As you may have read, I’m not satisfied we know what causes MAV.
Interesting you have a diagnosis of Diabetes, take a look at this short paper:
It’s an interesting study. I have had all this long before my diabetes diagnosis though and it only ramped up immensely with the stress I have been under. I am just at a loss on how to get back to a functional individual now when I feel this way. It’s almost like it was when it first started for me. It’s off the charts
The point is diabetes can be sub-clinical and lingering, developing for some time.
I’m personally convinced that MAV is caused by either injury or some yet to be determined homeostasis issue. Diabetes is but one element of the body’s overall balance going awry.
I agree with you. I guess I’m just so depressed I don’t know what to do anymore. I am sitting here sobbing trying to figure out how I can get back to some semblance of normalcy.
How are you getting on treating the diabetes? If it’s genetic that may be more tricky, but some cases are completely reversible.
It’s definitely genetic I only weigh 130 lbs and I’m not overweight at all. I tried taking the metformin but that caused me to feel dizzy lightheaded and anxious so i stopped and now the endocrinologist is putting me on Starlix. I have been able to control it better though with diet and my sugars have lowered significantly
Well that’s something Jess! And the equipment gets better all the time? My mum had it (in her case due to being overweight unfortunately) but it didn’t really affect her too much as the treatment was very good.
MAV though …
Ya this MAV shit is awful. People have enough to deal with in life without this nonsense. I was given Zoloft to try to get the anxiety down but of course now I am med phobic so I’m having a hard time taking the initial dose
Jess the meds can really help. And as @GetBetter says, anxiety and diabetes probably not helping at all. You must must must try all avenues to see if you can optimise treatment. The drugs really can dramatically improve overall quality of life but you have to take the plunge.

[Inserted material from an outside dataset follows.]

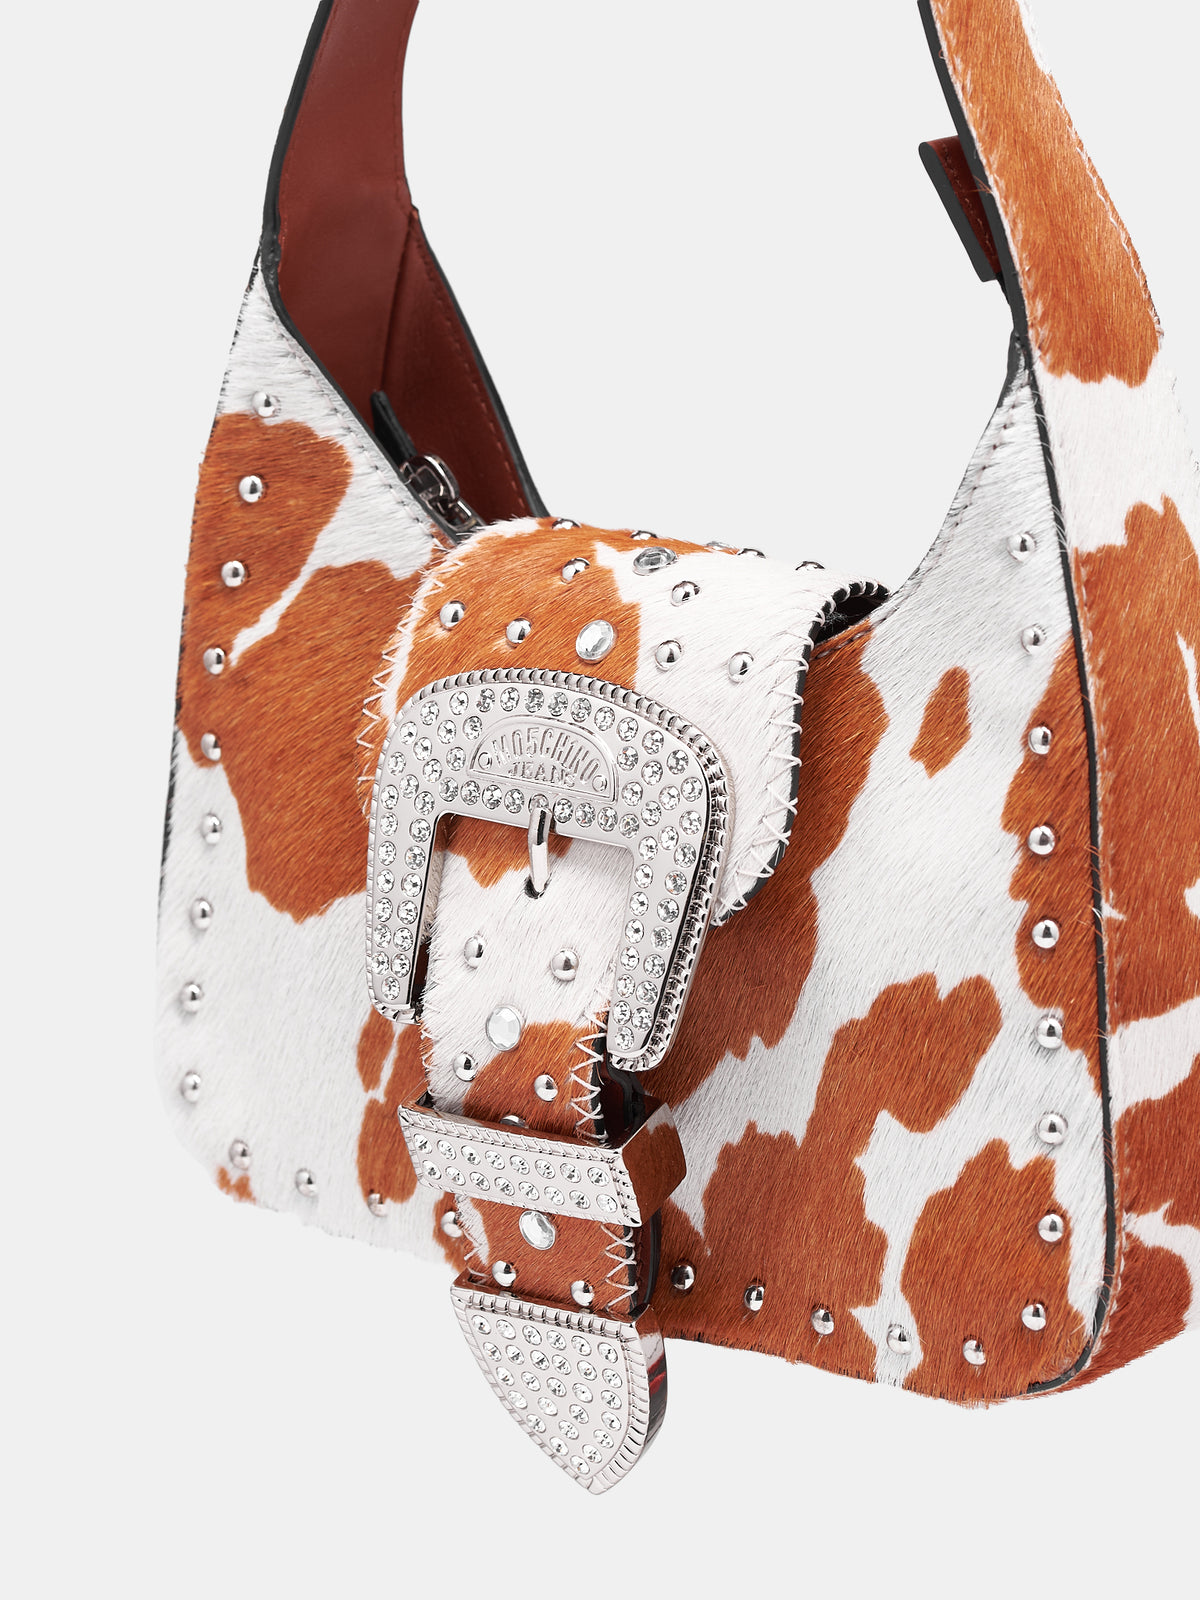 Maxi Buckle Pony Hair Handbag (A3116-8797-188-BROWN)

I know…I feel like I am being ridiculous and I’m trying not to be. I’m just at such a low point right now and feel like there is no hope
We’ve all been there, and there is … you need to find the fight again! You can do it, Jess!

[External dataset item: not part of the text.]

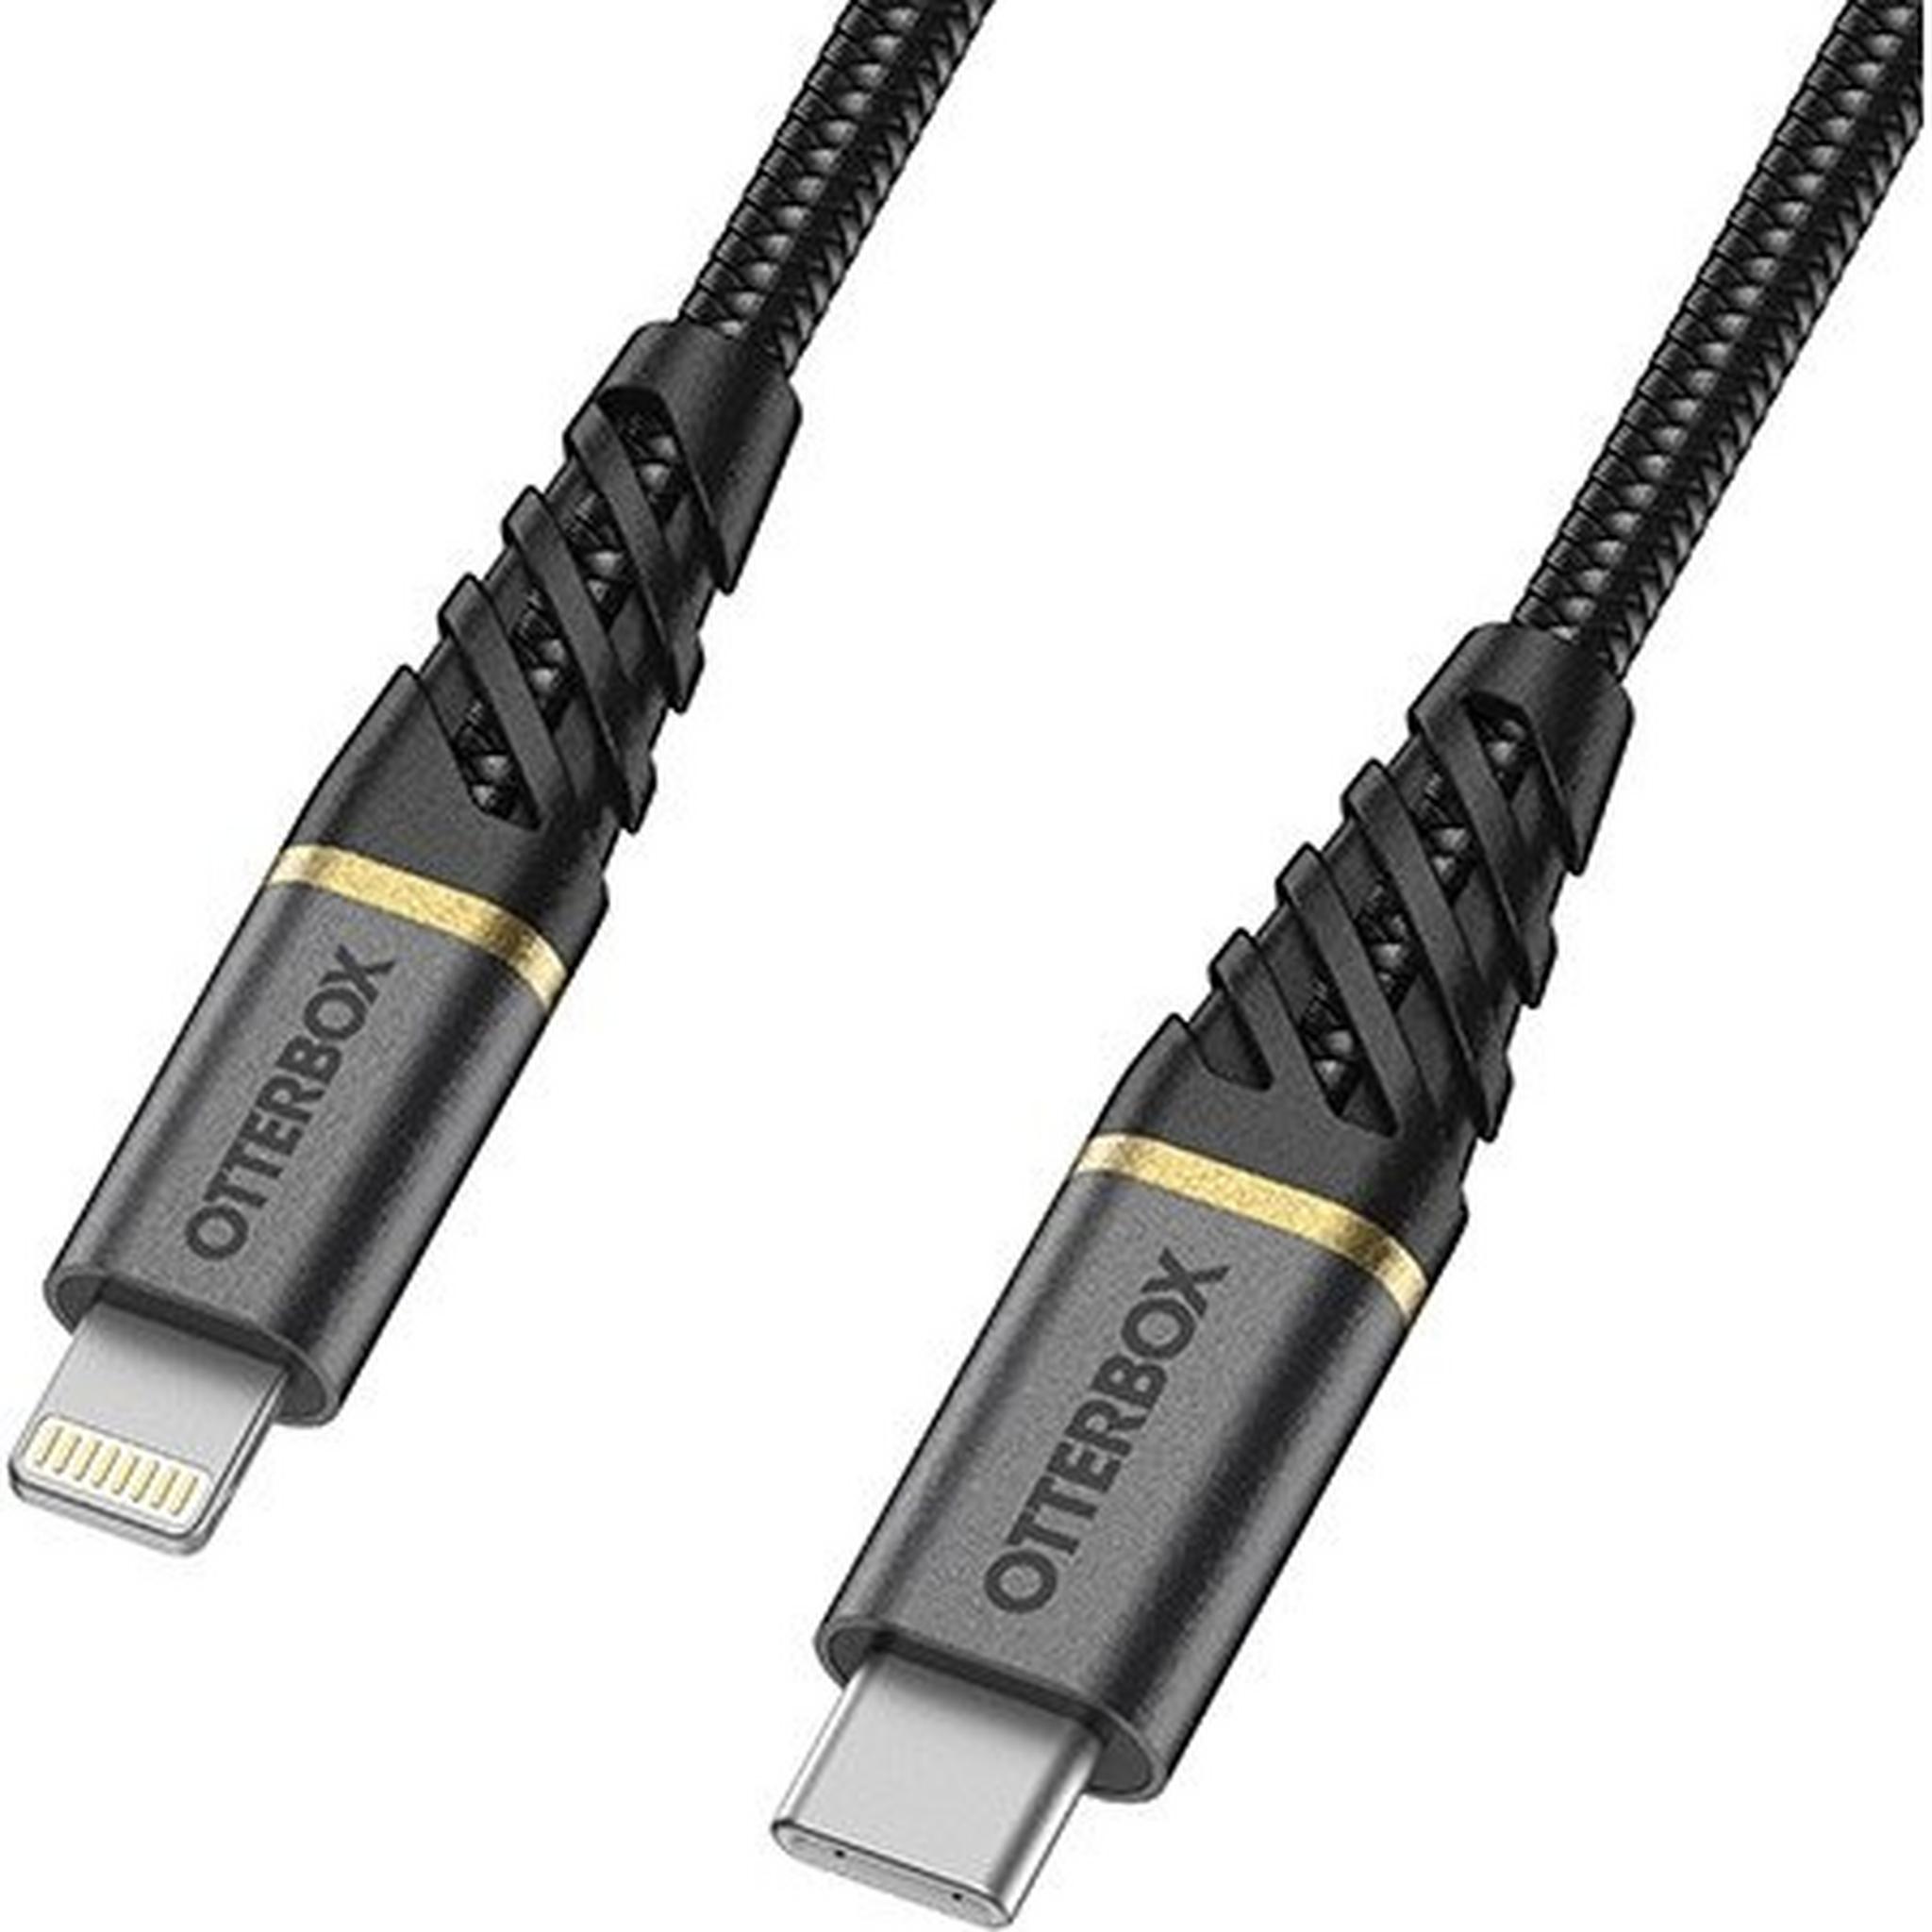 OtterBox Premium USB-C Lightning Cable 1-Meter (78-52654) - Black

Basically, onwards and upwards is the only option when you have people around you who love you and need you to be there for them.

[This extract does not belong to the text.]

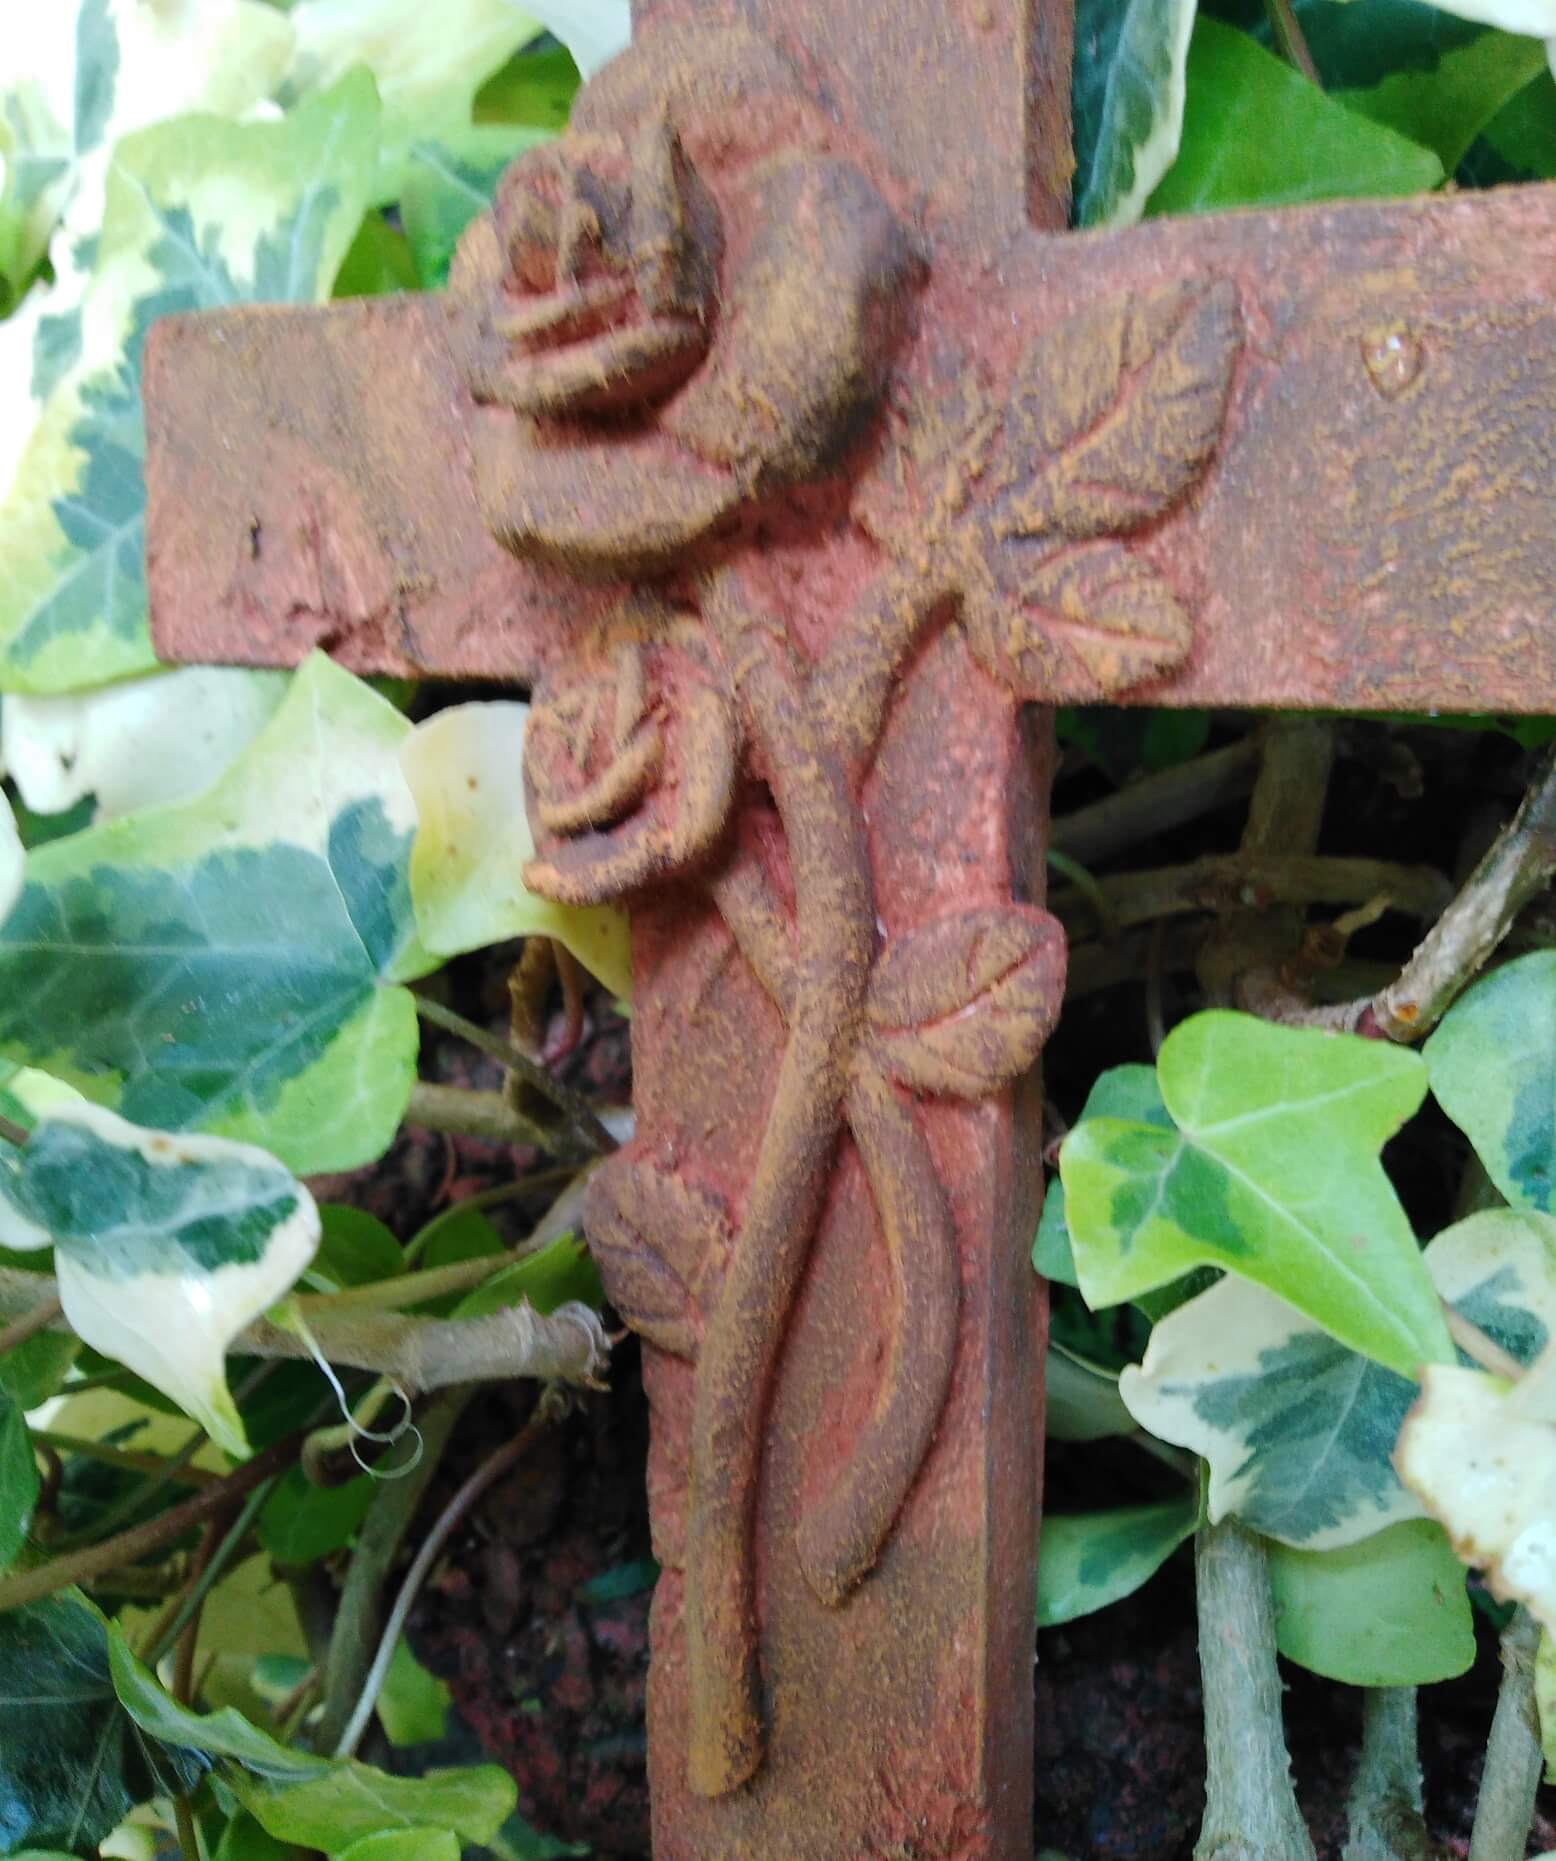 Kreuz mit 3D Rosen Rost- Metall Optik Design Grabengel Gedenkstein Grabschmuck Grabdeko

I had suicidal thoughts at one point, but got so much better with medication I started seeing the light and at the same time realised I couldn’t give up … it simply wasn’t an option.
Thank you so much! What medication worked for you?
Amitriptyline turned things around for me (@20mg nocte) … its not a silver bullet but made life worth living again.
There are of course many other options. Thankfully this was only the second one I tried.